For design ideas, Botsford relies heavily on her materials. After she finds a stone, she said, she researches it and tries to become familiar with the energy of the stone; that's what dictates how she incorporates it into a piece of jewelry.

"It's really simple," she said. "You just have to center yourself and clear yourself and get out of the way." If she gets her ego involved in a piece, she said, it never comes out right.

Although Botsford meditates regularly and "has been a spiritual seeker" since childhood, she said she thinks her customers can sense the energy in her jewelry just as she can.

She tells people looking at her work to go to the first piece that draws their attention and accept that subconscious pull as a guide.

"You don't have to understand what's happening on an energetic level to get a benefit from it," she said, citing ancient beliefs about the healing powers of stones and metals.

Botsford's jewelry varies in price from $75 to $2,000, but most of her necklaces are in the $300 to $500 range. She sells to a couple of vendors near Chicago, including Jolie Femme, an upscale clothing boutique on the North Shore.

More locally, her pieces will be featured in the Wynstone Catholic Charities House Walk in Barrington on Nov. 18.
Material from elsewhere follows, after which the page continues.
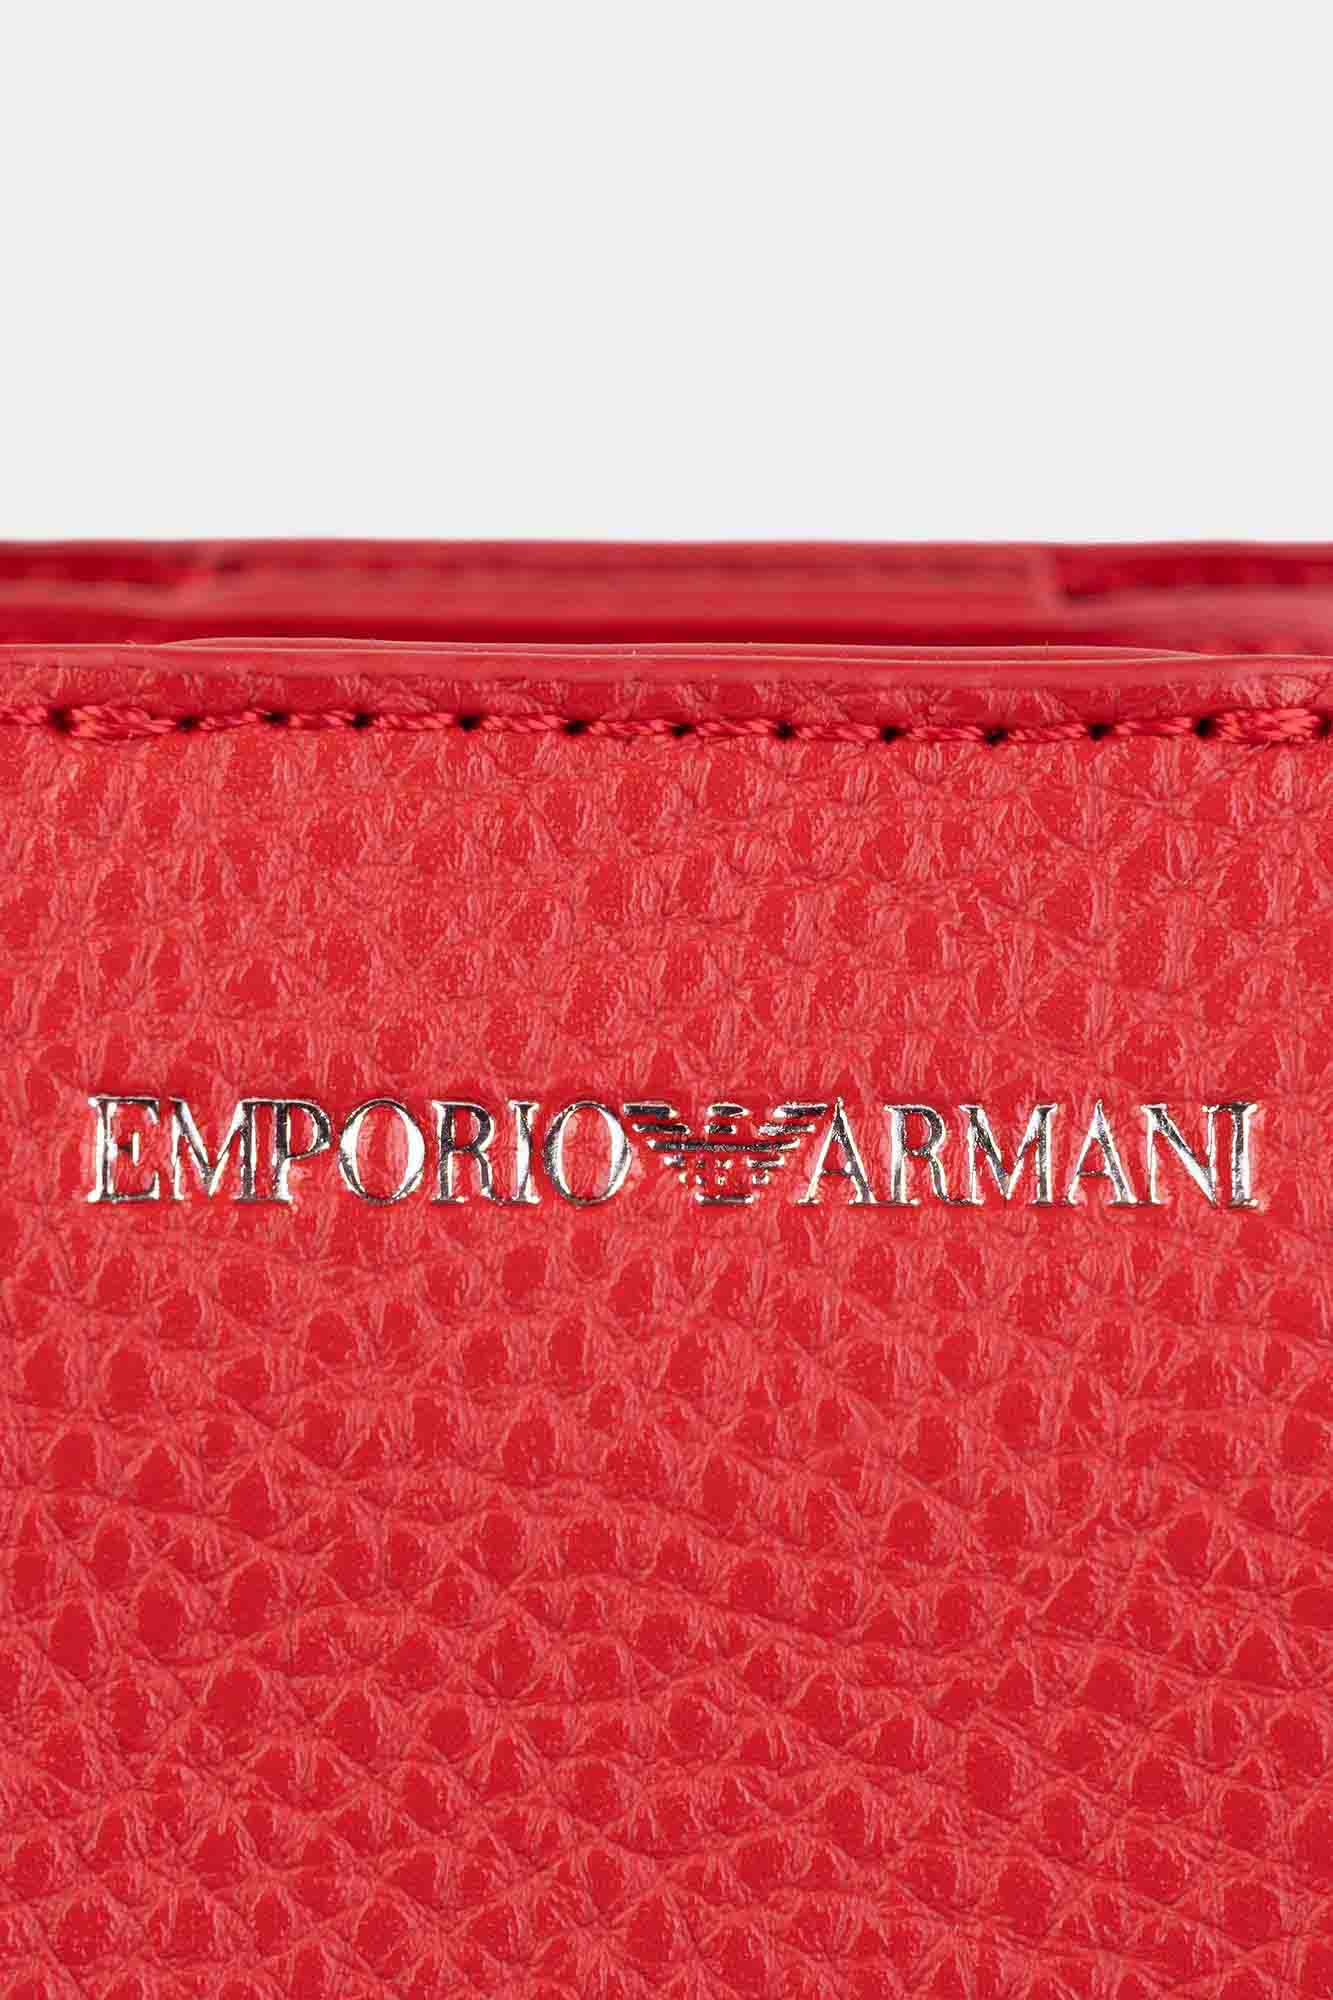  Emporio Armani torebka Women's Tote Bag czerwona

The most important lesson Botsford has learned from her career in jewelry design, she said, is that all people are endowed with some form of creativity.

"I never thought I was creative," she said. "I think what that speaks to is that we are all creative if we allow ourselves to be — and it doesn't have to be in the way we think we should be."

Exotic pieces

Tracey Mayer came to jewelry by a more traditional path. Growing up, she was always interested in fashion, which eventually led her to teaching at the Illinois Institute of Art. She has designed jewelry for several years, but her style has metamorphosed in the last year to focus on crafting higher-end pieces.
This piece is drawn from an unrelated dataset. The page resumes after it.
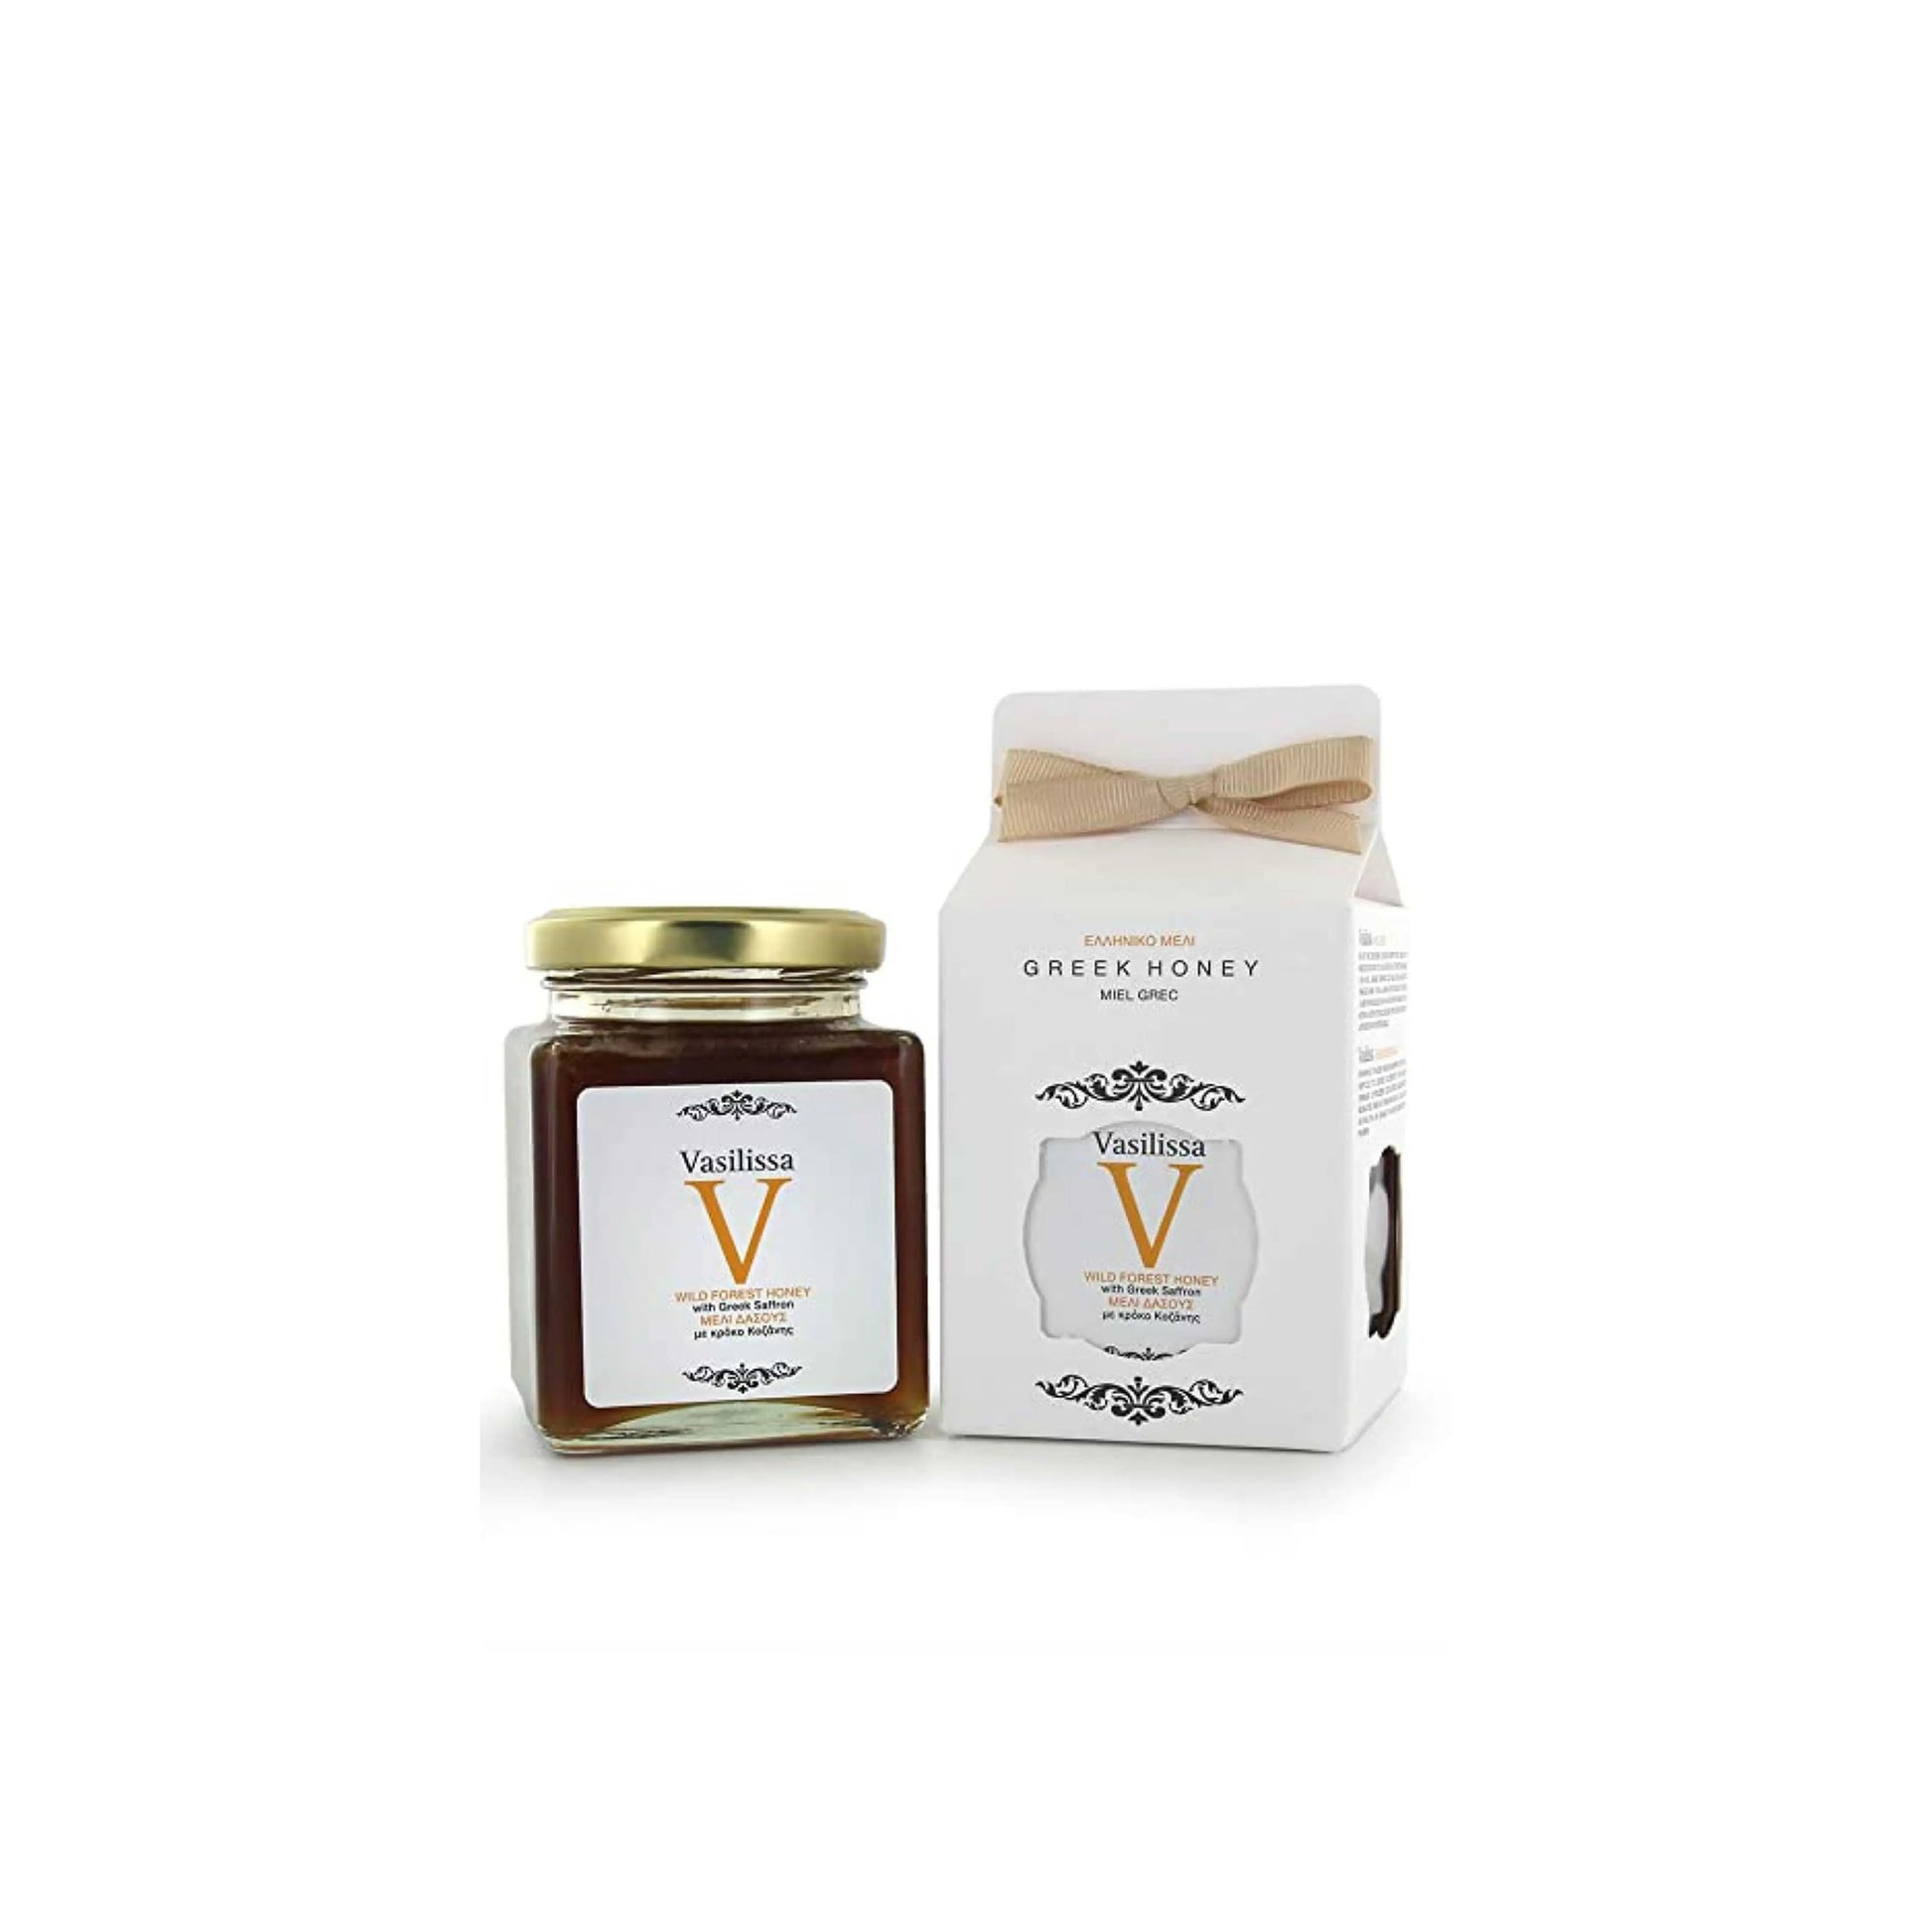 Honing met saffraan Griekenland 250g Vasilissa (vloeibaar) - Honingwinkel

She hopes her new work will cater to a more chic crowd, in part because she has taken an international focus: although she designs her jewelry locally, she buys her materials in India and runs production out of Indonesia.

"The techniques we use to make (the jewelry) unfortunately are not really known in this country," Mayer said.

Mayer relies on the expertise of Indian silversmiths to make her designs come off paper. The overseas production "gives us very traditional methods of making the jewelry with a contemporary twist on design," she said.

Right now, for example, she's perfecting one new finish that makes silver look like sandpaper, a design which she couldn't have brought to life without the skill of international craftsmen.

Mayer's metal of choice is 950 silver, which is slightly purer than sterling silver. She uses it in combination with semi-precious and precious gems and artifacts such as ancient coins.

Like Botsford's, Mayer's work is big and bold.

"The woman who buys my type of jewelry is a woman who is unique," she said. Her customers are "older, sophisticated women who are really sharp and classy."

For now, Mayer's biggest clients are Gigi's Closette in Glenview and Ultra Diamonds in Chicago, and her prices range from $125 to $750.

But Mayer is in the process of expanding her sales. She's working with several boutiques around Chicago and would like to have a strong presence in the suburbs.

She said the expansion she's seen in her business in the last year has come at a good time. She considers her first job to be raising her two sons, and they're getting older and gaining independence in step with the growth of her business.

And although she acknowledges the surplus of designers in the jewelry market, she said she's not intimidated or discouraged. "There's a lot of competition," she said, and "there are a lot of designers — but there are a lot of people with a lot of money to spend."